3.138 51.153 16.300 0 (0.0%) 0.549 0.560

write: ops/s kB/s kB/op retrans avg RTT (ms) avg exe (ms)

6.654 109.051 16.389 0 (0.0%) 34.072 34.098

suse42_n1:/source mounted on /source:

ops/s rpc bklog

79.758 0.000

read: ops/s kB/s kB/op retrans avg RTT (ms) avg exe (ms)

5.091 82.983 16.300 0 (0.0%) 0.730 0.740

write: ops/s kB/s kB/op retrans avg RTT (ms) avg exe (ms)

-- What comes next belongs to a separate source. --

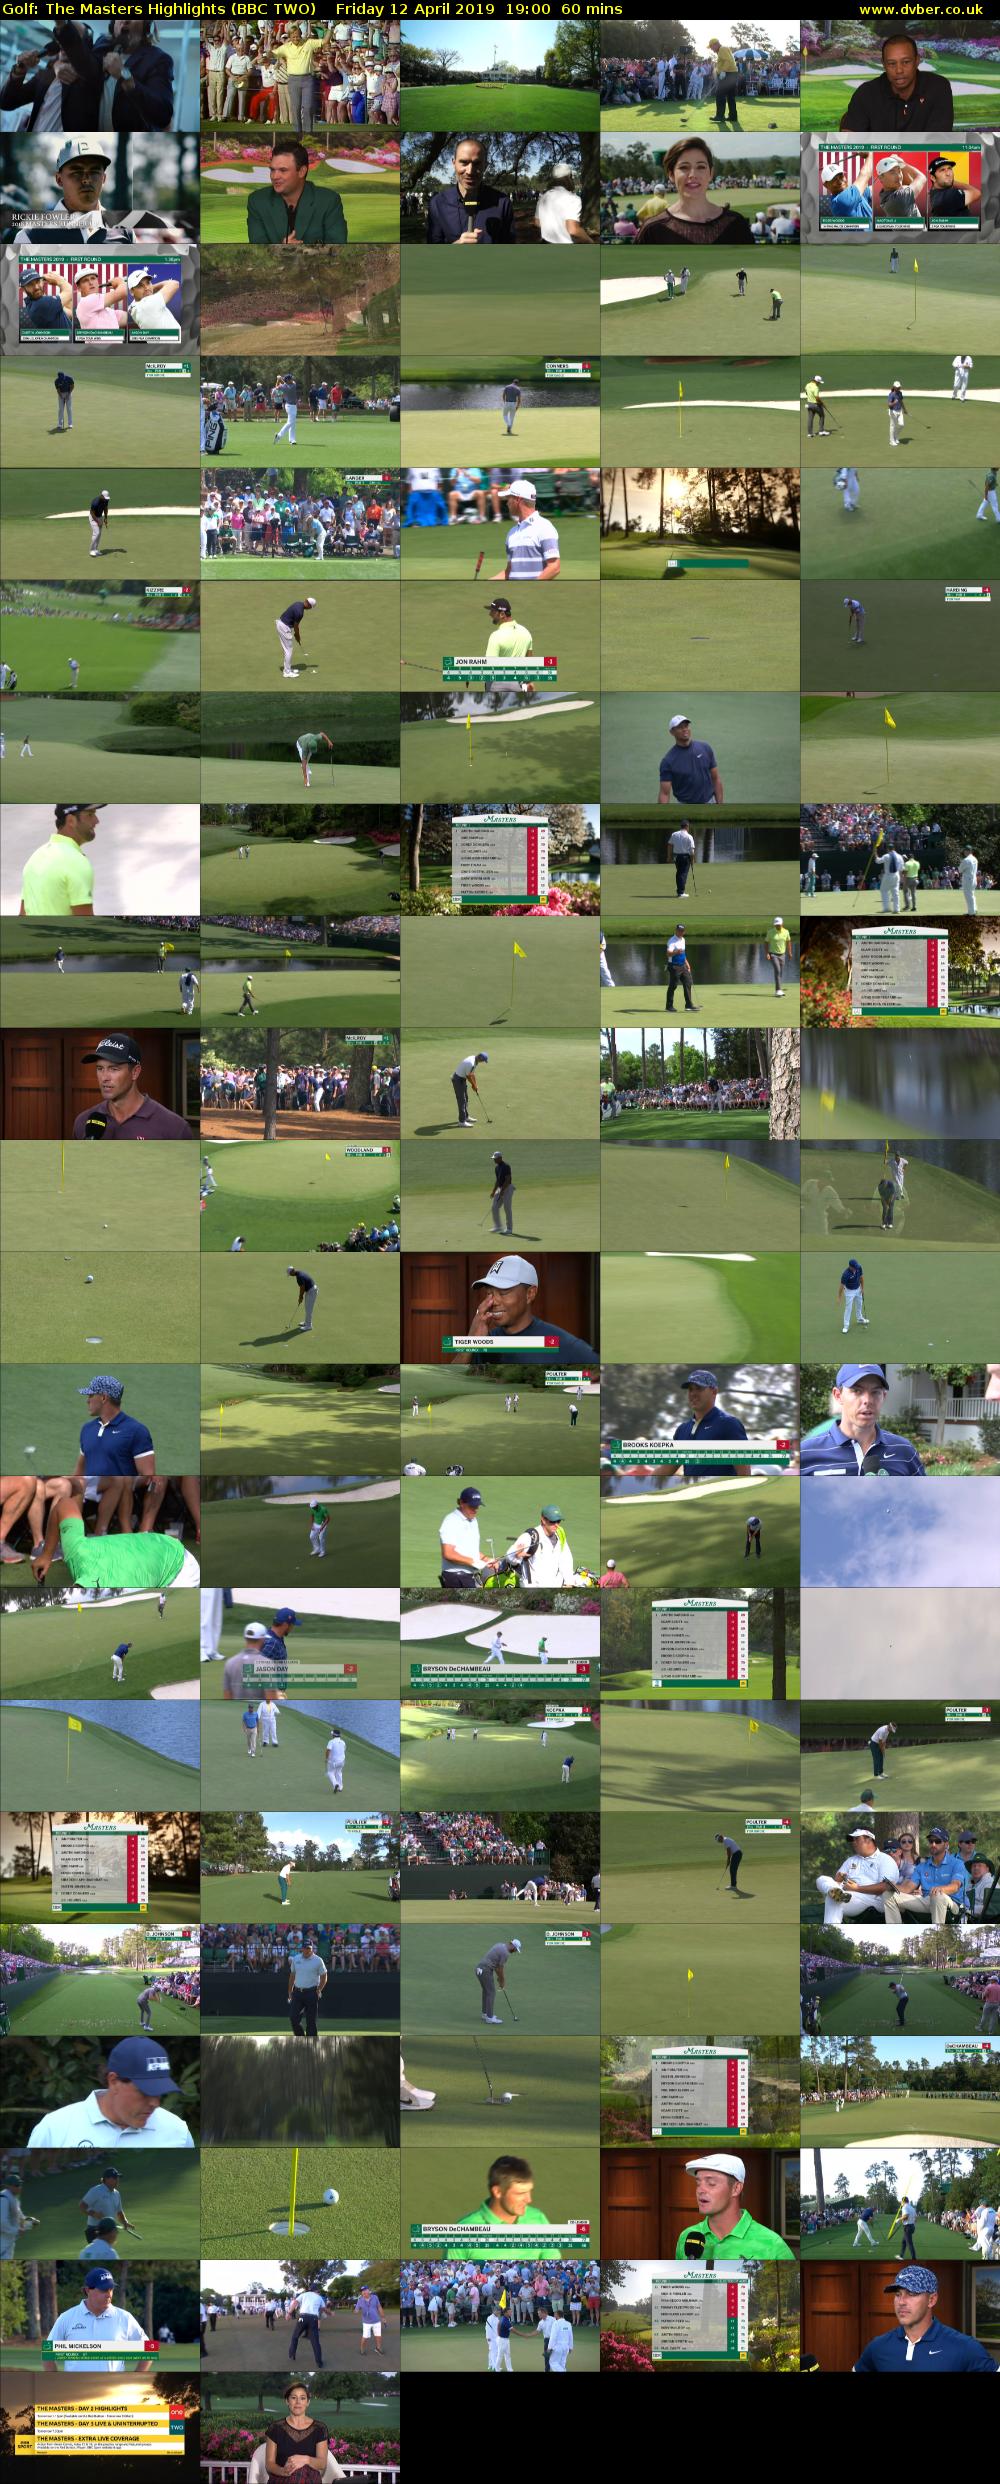 Golf: The Masters Highlights (BBC TWO) Friday 12 April 2019 19:00 - 20:00

4.714 77.251 16.389 0 (0.0%) 25.937 25.960

I stopped here because I conceived no further insights could be made by having more runs. I am prepared to get corrected on that.

Conclusion

Some insights I got herefrom were as expected. Others quite surprised me. I did not expect that the delta sync after a cp would be only \~10-15% percent less performant than the sync after a preceding rsync approach. Moreover, I expected both tools to have hard times when it comes to migrating small files, but I honestly fathomed cp to outstrip rsync here clearly. It does not. cp shows to be ahead when it comes to larger files. But still, the difference is not astoundingly significant so to speak. That may deviate with real hugely whopping files, what I may look into deeper. What I mainly take away for me is, that in the average real world case it does not really matter which tool to choose for migrating data when performance aspects with respects to network based file systems play a role. Coreutils' cp does not necessarly outperform rsync over network based file systems.